:: Provided data
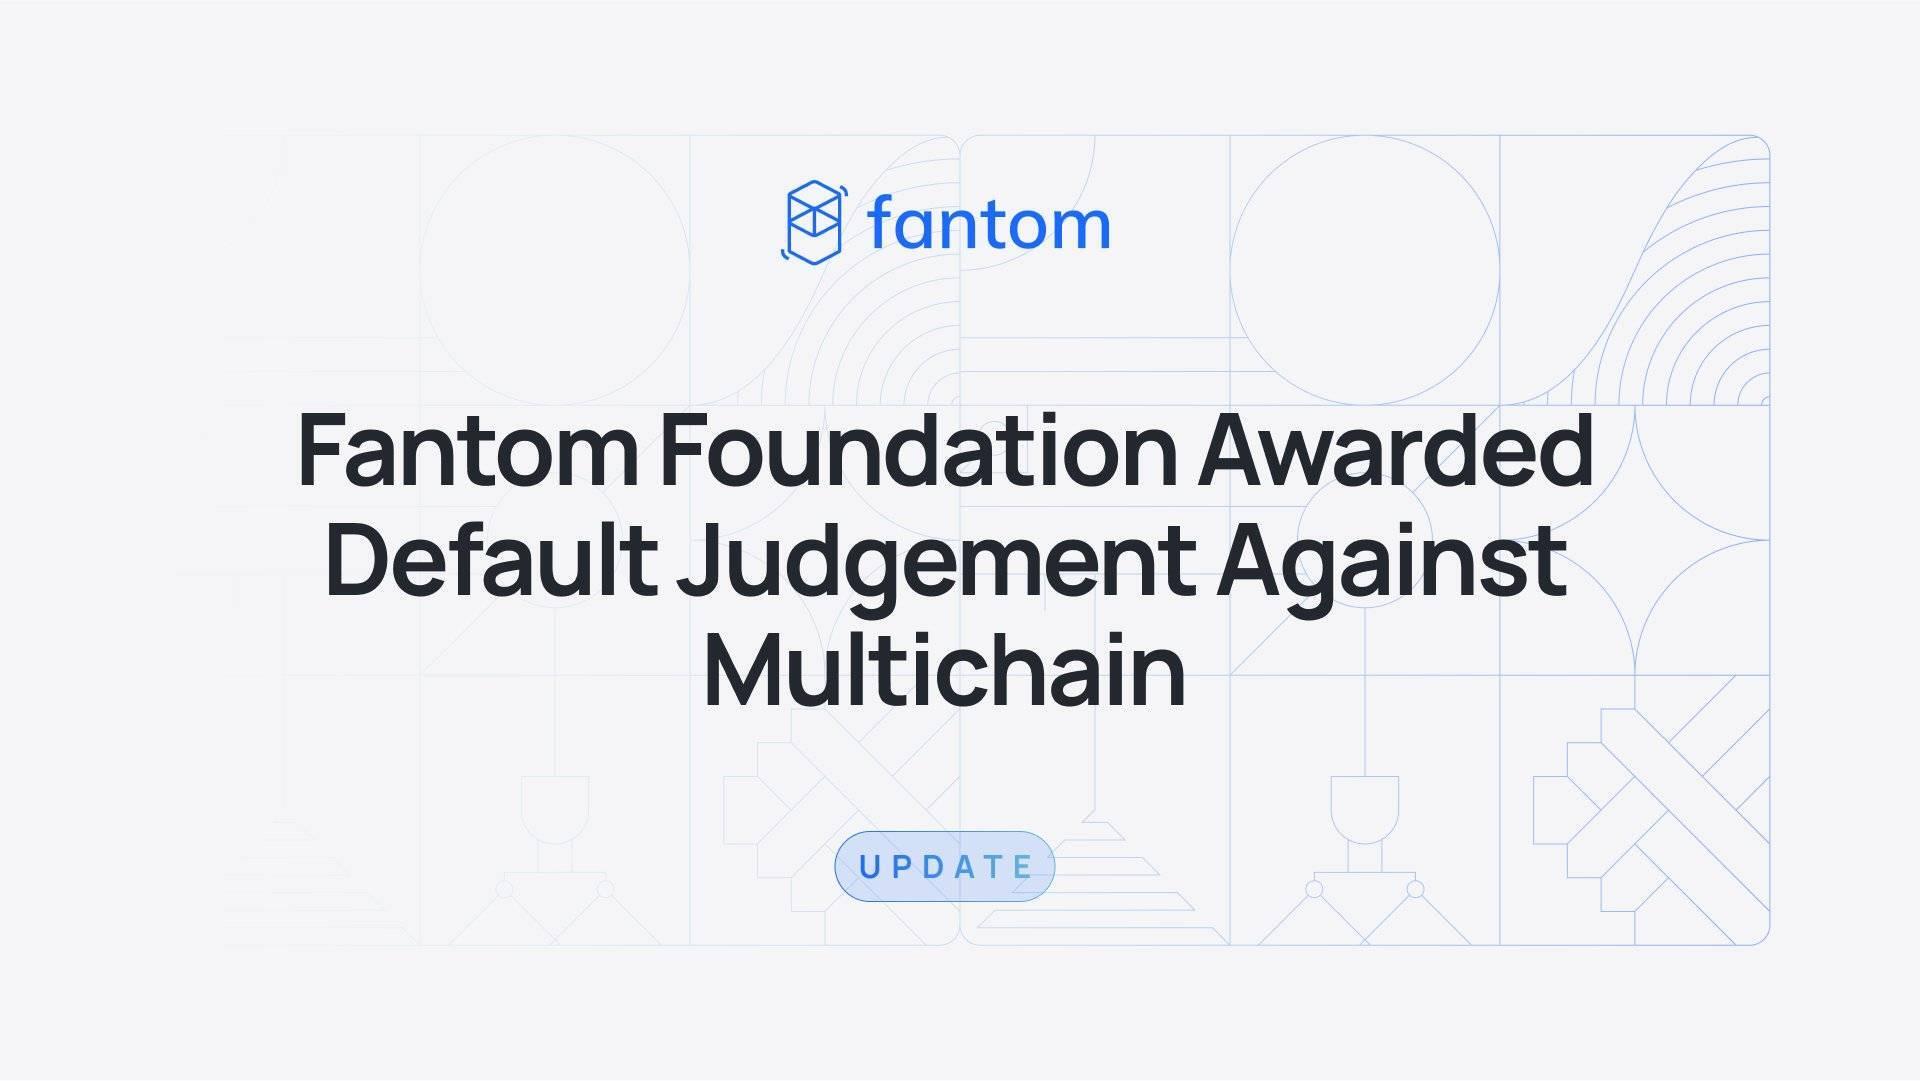 fantom-foundation-kien-nghi-multichain-boi-thuong-65-trieu-usd
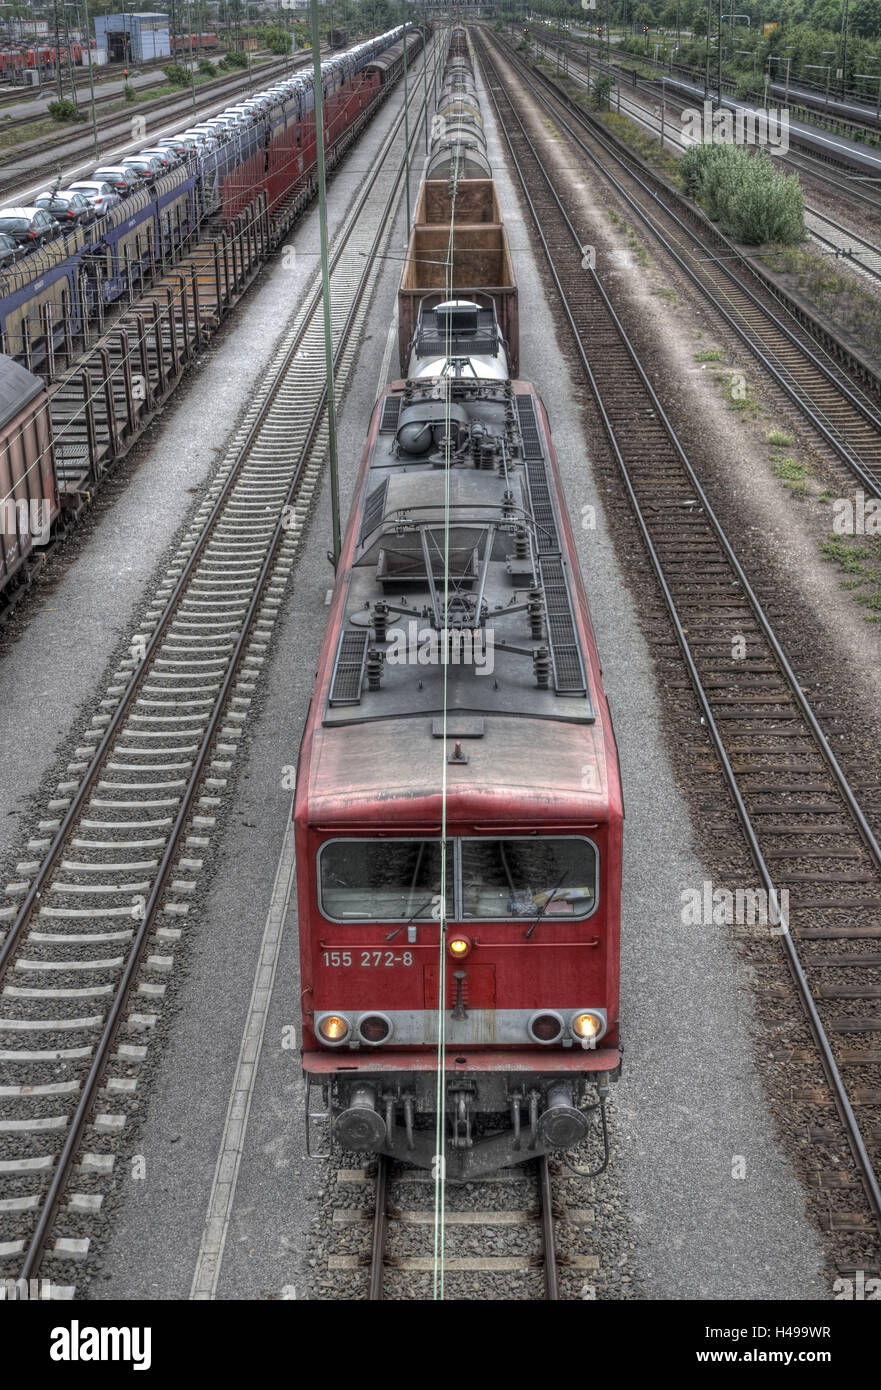 Freight train, tracks, Stock Photo
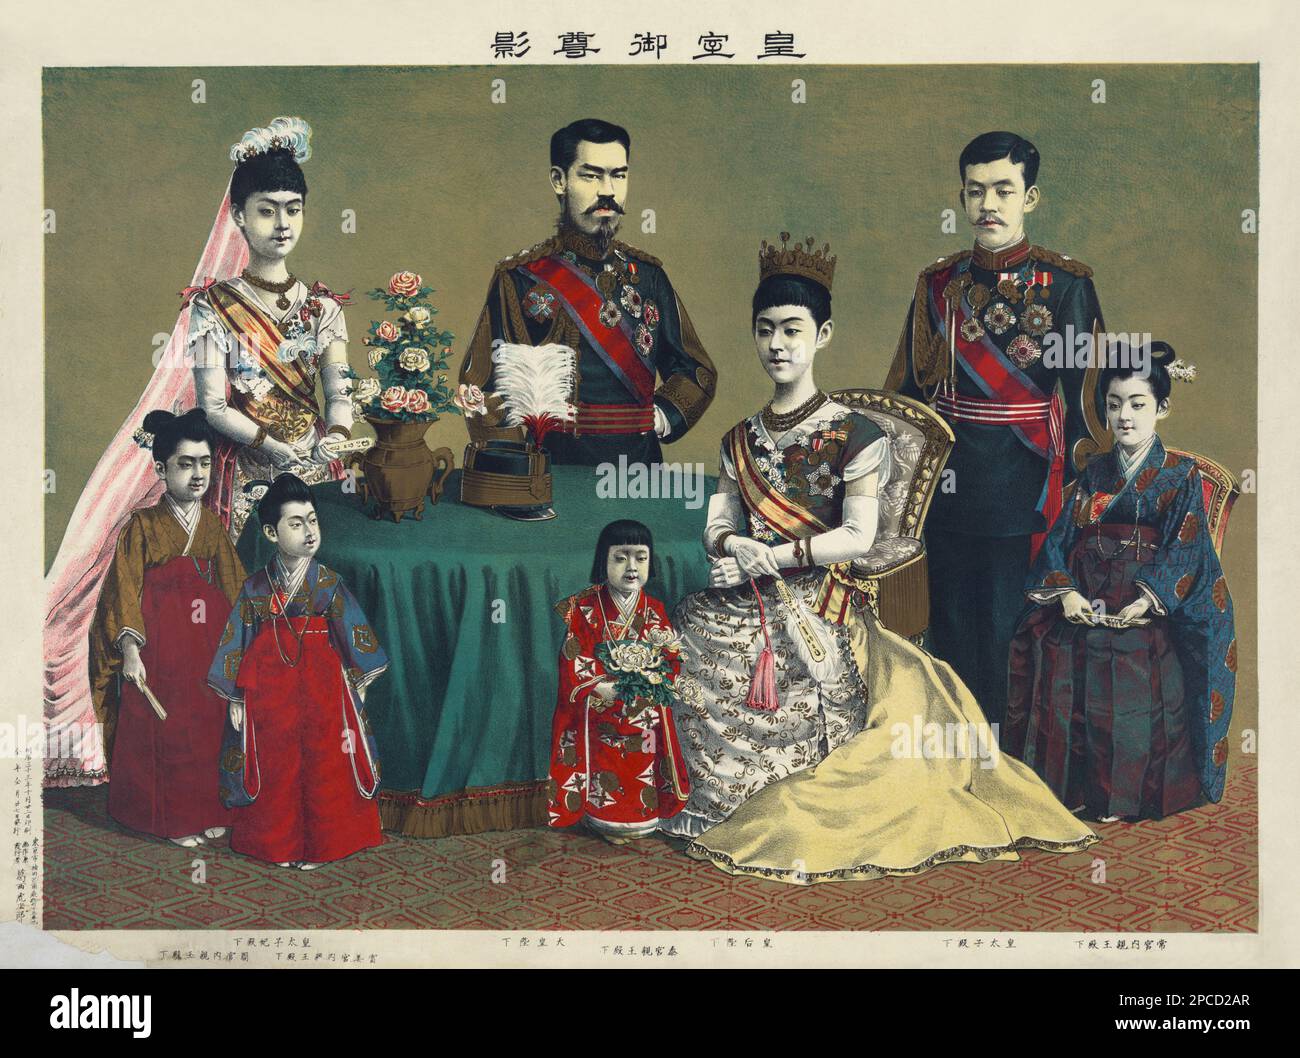 1900 , Tokyo , Japan : The Japanese imperial family . Wedding of Crown Prince Yoshihito and Princess Kujo Sadako . Print shows the Crown Prince and the Princess during their wedding ceremony;  Meiji , Emperor of Japan ( 1852 - 1912 ), and other members of the imperial family are present. Print by artist Torajiro  Kasai .  -  Taisho Emperor of Japan ( 1879 - 1926 ) -  GIAPPONE - NOBILITY - NOBILI - Nobiltà - REALI GIAPPONESI - ROYALTY - IMPERATORE  - IMPERATRICE - principe - principessa - illustrazione - stampa - print - engraving - incisione - MATRIMONIO - CERIMONIA NUZIALE  - SPOSALIZIO - WIF Stock Photo
::::
▶ _Activity_: All lines above are to be restated word for word, with pictures excluded.

▶ _Result_:
 fantom-foundation-kien-nghi-multichain-boi-thuong-65-trieu-usd
 Freight train, tracks, Stock Photo
 1900 , Tokyo , Japan : The Japanese imperial family . Wedding of Crown Prince Yoshihito and Princess Kujo Sadako . Print shows the Crown Prince and the Princess during their wedding ceremony;  Meiji , Emperor of Japan ( 1852 - 1912 ), and other members of the imperial family are present. Print by artist Torajiro  Kasai .  -  Taisho Emperor of Japan ( 1879 - 1926 ) -  GIAPPONE - NOBILITY - NOBILI - Nobiltà - REALI GIAPPONESI - ROYALTY - IMPERATORE  - IMPERATRICE - principe - principessa - illustrazione - stampa - print - engraving - incisione - MATRIMONIO - CERIMONIA NUZIALE  - SPOSALIZIO - WIF Stock Photo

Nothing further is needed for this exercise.